Let's go a level deeper. What parseJson() did is make all of the items inside the JSON payload super easy to access, as will be demonstrated:
value.parseJson().Results
will unwrap the "Results" package, returning its contents:
{"FRSFacility":[{"CityName":"RICHMOND","Latitude83":"37.45093","LocationAddress":"5401 JEFFERSON DAVIS HWY","Longitude83":"-77.43415","RegistryId":"110000868918","CountyName":"CHESTERFIELD","FacilityName":"DUPONT SPRUANCE PLANT","ZipCode":"23234-2257","SupplementalLocation":null,"FIPSCode":"51041","StateAbbr":"VA"}]}
In this case, "FRSFacility" is the item that we want to get at
Beginning to navigate the JSON payload
Let's see how many items there are in this package
length(value.parseJson().Results.FRSFacility)

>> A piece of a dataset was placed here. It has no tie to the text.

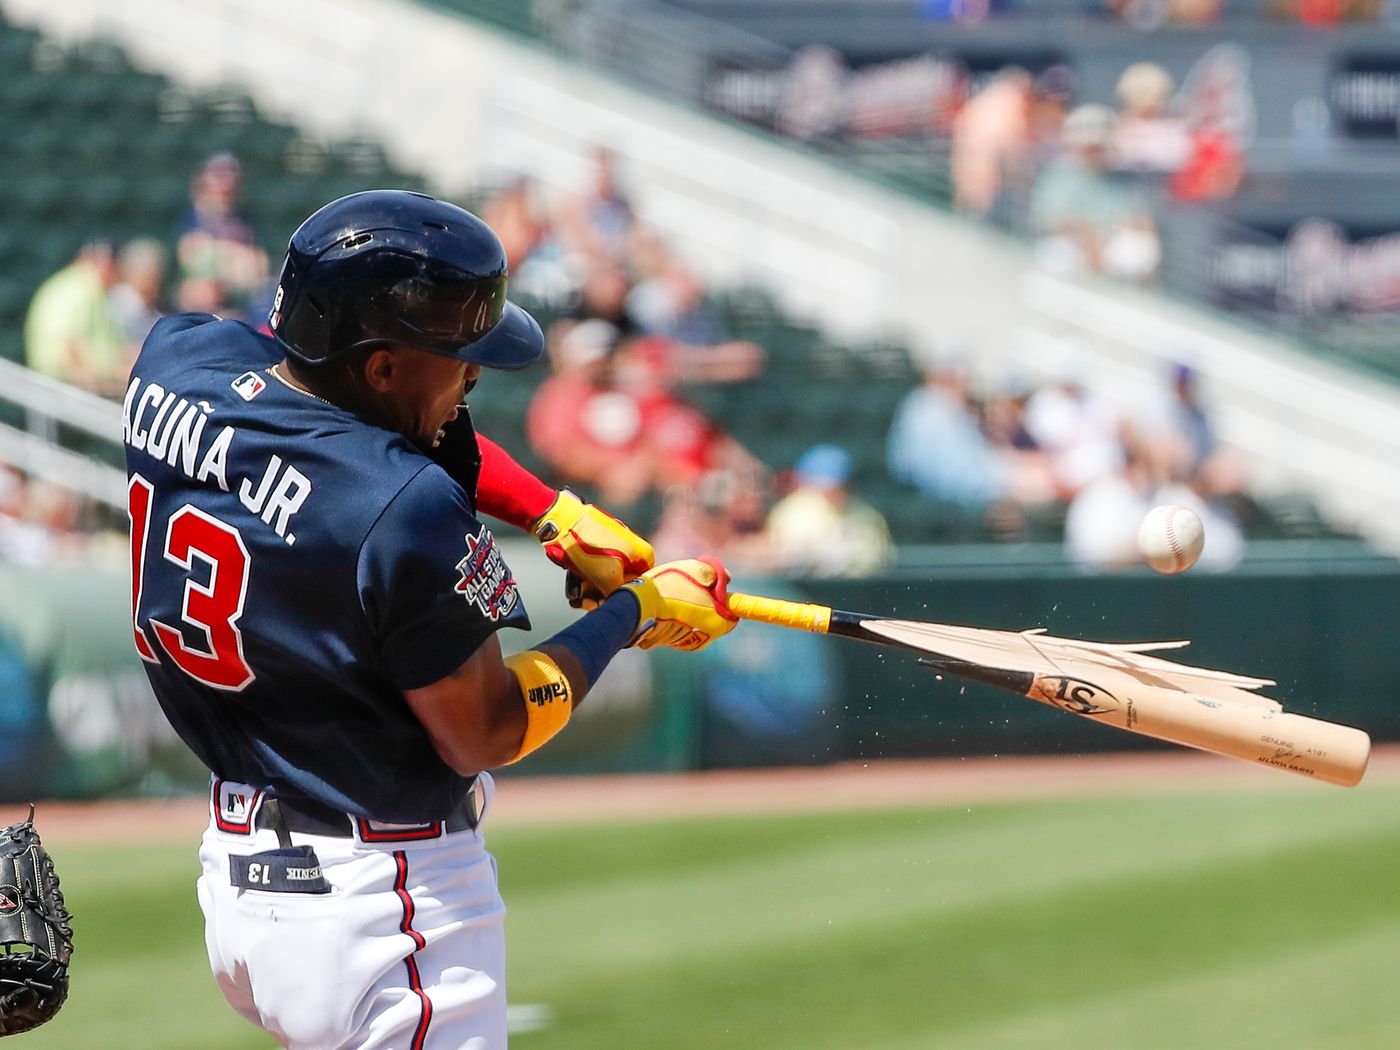 MLB picks 2021: Will Ronald Acuna Jr. or Juan Soto hit more home runs this season?

yields a count of how many "FRSFacility" items there are inside Results
1
Let's test that, by trying it on a bigger JSON payload, which contains two items:
{ "Results":{ "FRSFacility":[ { "RegistryId":"110035806982", "FacilityName":"DUPONT", "LocationAddress":"5115 SOUTH COMMERCE ROAD", "SupplementalLocation":null, "CityName":"RICHMOND", "CountyName":"CHESTERFIELD", "StateAbbr":"VA", "ZipCode":"23234", "FIPSCode":"51041", "Latitude83":"37.45369", "Longitude83":"-77.42649" } ,{ "RegistryId":"110000868918", "FacilityName":"DUPONT SPRUANCE PLANT", "LocationAddress":"5401 JEFFERSON DAVIS HWY", "SupplementalLocation":null, "CityName":"RICHMOND", "CountyName":"CHESTERFIELD", "StateAbbr":"VA", "ZipCode":"23234-2257", "FIPSCode":"51041", "Latitude83":"37.45093", "Longitude83":"-77.43415" } ] } }
Now, we see that
length(value.parseJson().Results.FRSFacility)
Yields:
2
FRSFacility items
Accessing items within the payload
Let's try to get at one specific item in this payload
value.parseJson().Results.FRSFacility
shows the two FRSFacility items, we want the first one. It's as simple as specifying
value.parseJson().Results.FRSFacility[0]
which will get the first one:
{"CityName":"RICHMOND","Latitude83":"37.45369","LocationAddress":"5115 SOUTH COMMERCE ROAD","Longitude83":"-77.42649","RegistryId":"110035806982","CountyName":"CHESTERFIELD","FacilityName":"DUPONT","ZipCode":"23234","SupplementalLocation":null,"FIPSCode":"51041","StateAbbr":"VA"}
Let's test this approach to see if we can get the second one:
value.parseJson().Results.FRSFacility[1]
And, lo and behold, we get the second one:
{"CityName":"RICHMOND","Latitude83":"37.45093","LocationAddress":"5401 JEFFERSON DAVIS HWY","Longitude83":"-77.43415","RegistryId":"110000868918","CountyName":"CHESTERFIELD","FacilityName":"DUPONT SPRUANCE PLANT","ZipCode":"23234-2257","SupplementalLocation":null,"FIPSCode":"51041","StateAbbr":"VA"}
Accessing attribute values within the item
Now, let's try and access some of the attribute data associated with the item. That's as simple as appending the attribute name. Let's try and get the RegistryID for that second facility:
value.parseJson().Results.FRSFacility[1].RegistryId
yields
110000868918
Voila.
This is the basic approach that can then be used to get at JSON data and pull out values for further processing in OpenRefine.